8. Screening and Diagnostic Criteria

Diagnosing thalassemia involves a combination of clinical evaluation, laboratory tests, and a genetic analysis to confirm the presence of the disease and determine its severity. Given the heterogeneity of thalassemia phenotypes and the overlap of symptoms with other types of anemia, an accurate diagnosis is essential for appropriate management and treatment planning. Thalassemia screening and diagnostic protocols encompass a range of methods and guidelines. Programs such as the NHS Sickle Cell and Thalassemia Screening Program advocate for antenatal and newborn screening, particularly in areas with high prevalence [91]. Evaluating thalassemia can be challenging due to the overlap of its signs and symptoms with other hematologic disorders. Physicians typically suspect thalassemia based on common features such as anemia, jaundice, hepatosplenomegaly, and growth retardation, which are not exclusive to thalassemia [40,92,93,94]. Differentiating thalassemia from other conditions requires a comprehensive approach, including genetic testing, hemoglobin electrophoresis, and specific hematologic parameter assessments like the MCV/RBC ratio and HbA2 levels [95]. Furthermore, studies have shown that markers of erythropoiesis, such as GDF-15 and EPO, are significantly elevated in thalassemia patients, suggesting their potential as diagnostic indicators and therapeutic targets [94]. Thus, a multidisciplinary approach that combines clinical evaluation with advanced diagnostic tools is essential for the accurate diagnosis and management of thalassemia.

8.1. Laboratory Tests

A Complete Blood Count (CBC) is an essential screening tool that aids in detecting microcytic hypochromic anemia, a common feature of thalassemia and other blood disorders [96]. Parameters such as red blood cell distribution width (RDW) and mean corpuscular volume (MCV) are crucial for distinguishing thalassemia from other types of anemia [97]. The CBC provides valuable insights into the blood’s quantitative and qualitative composition, offering essential information on cell components such as white blood cells, red blood cells, and platelets [98]. Automated hematology analyzers have significantly improved the accuracy and efficiency of CBC results, although challenges like unreliable results due to interfering substances or abnormal cells still require careful consideration [99]. The CBC remains a cornerstone in diagnosing and monitoring various diseases, highlighting its importance in clinical practice [100].

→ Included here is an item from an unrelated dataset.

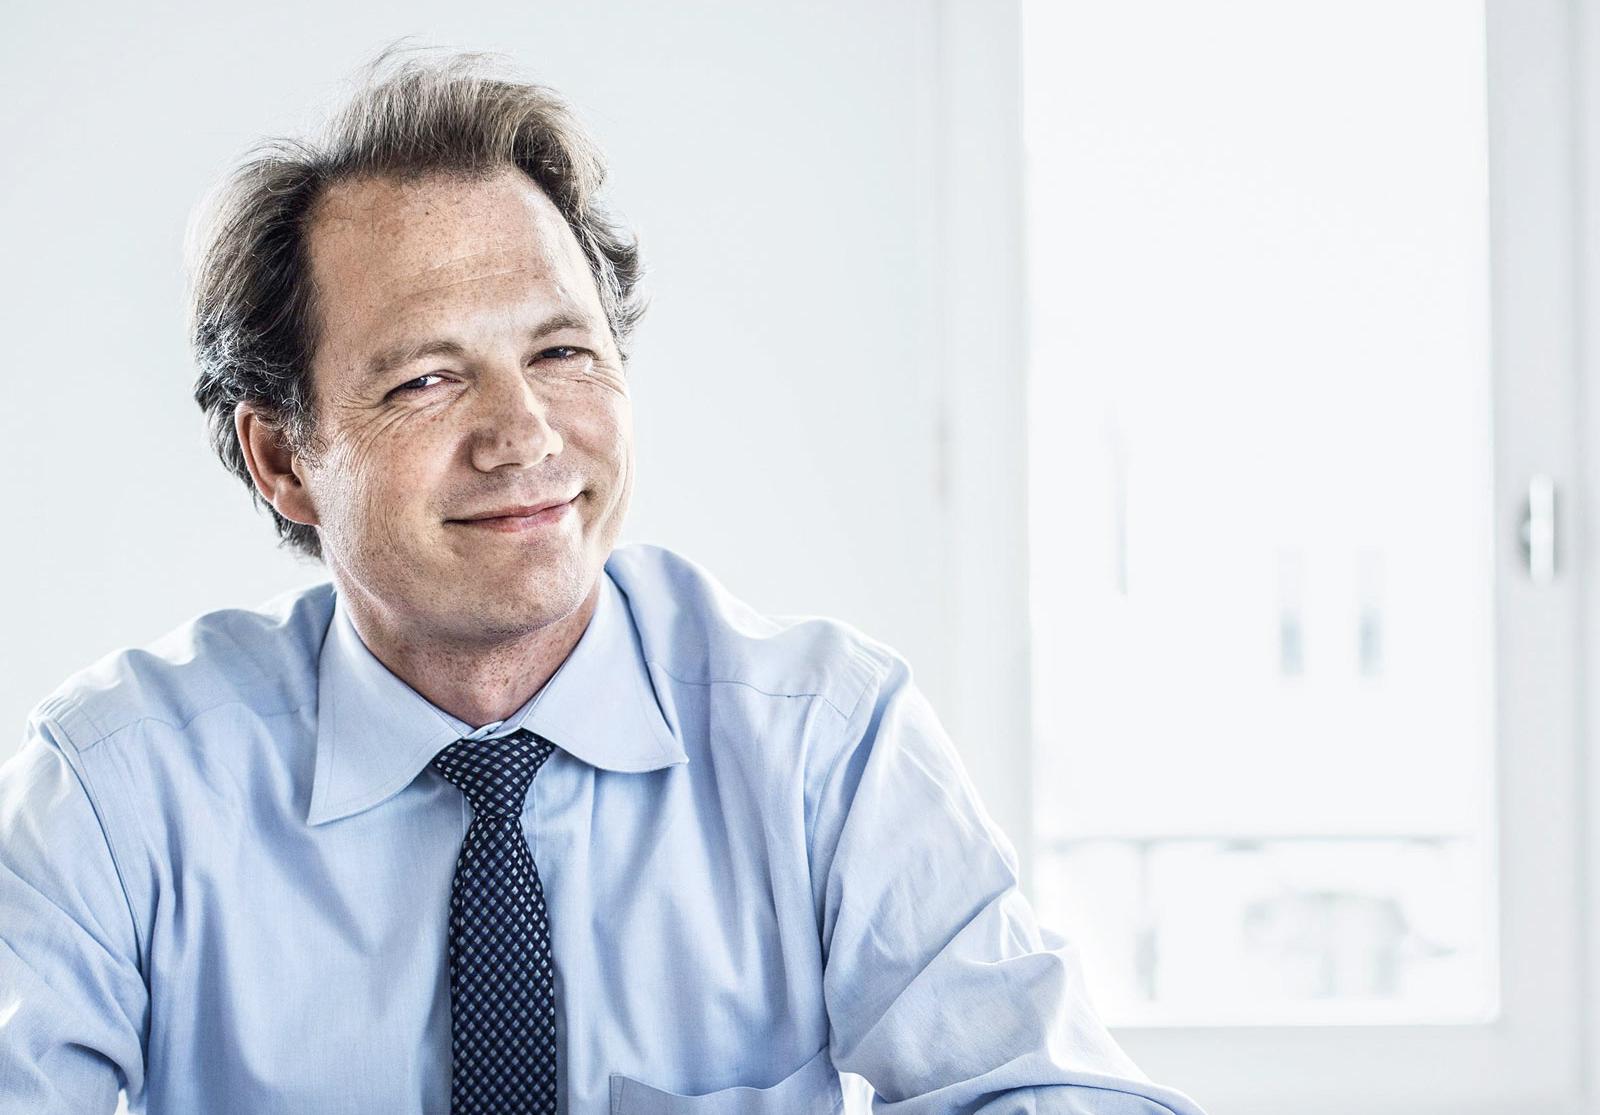 Zukunftsforscher Andreas Steinle empfiehlt die Stärkung von digitalen und sozialen Kompetenzen.

8.2. Hemoglobin Electrophoresis

Hemoglobin electrophoresis is a vital diagnostic tool that separates different hemoglobin types based on their charge, aiding in the detection of abnormal patterns associated with conditions like thalassemia. Thalassemia typically presents with elevated fetal hemoglobin (HbF) levels and reduced adult hemoglobin (HbA) levels, resulting in distinctive patterns on hemoglobin electrophoresis [101,102]. Moreover, abnormal hemoglobin variants, such as hemoglobin C (Hb C), can affect the accuracy of glycosylated hemoglobin (A1C) tests, underscoring the need to consider these variants in diagnostic evaluations [54]. Electrophoresis is crucial for the separation and characterization of charged molecules like hemoglobin, providing valuable insights into various hematological disorders and guiding clinical decision-making [103,104].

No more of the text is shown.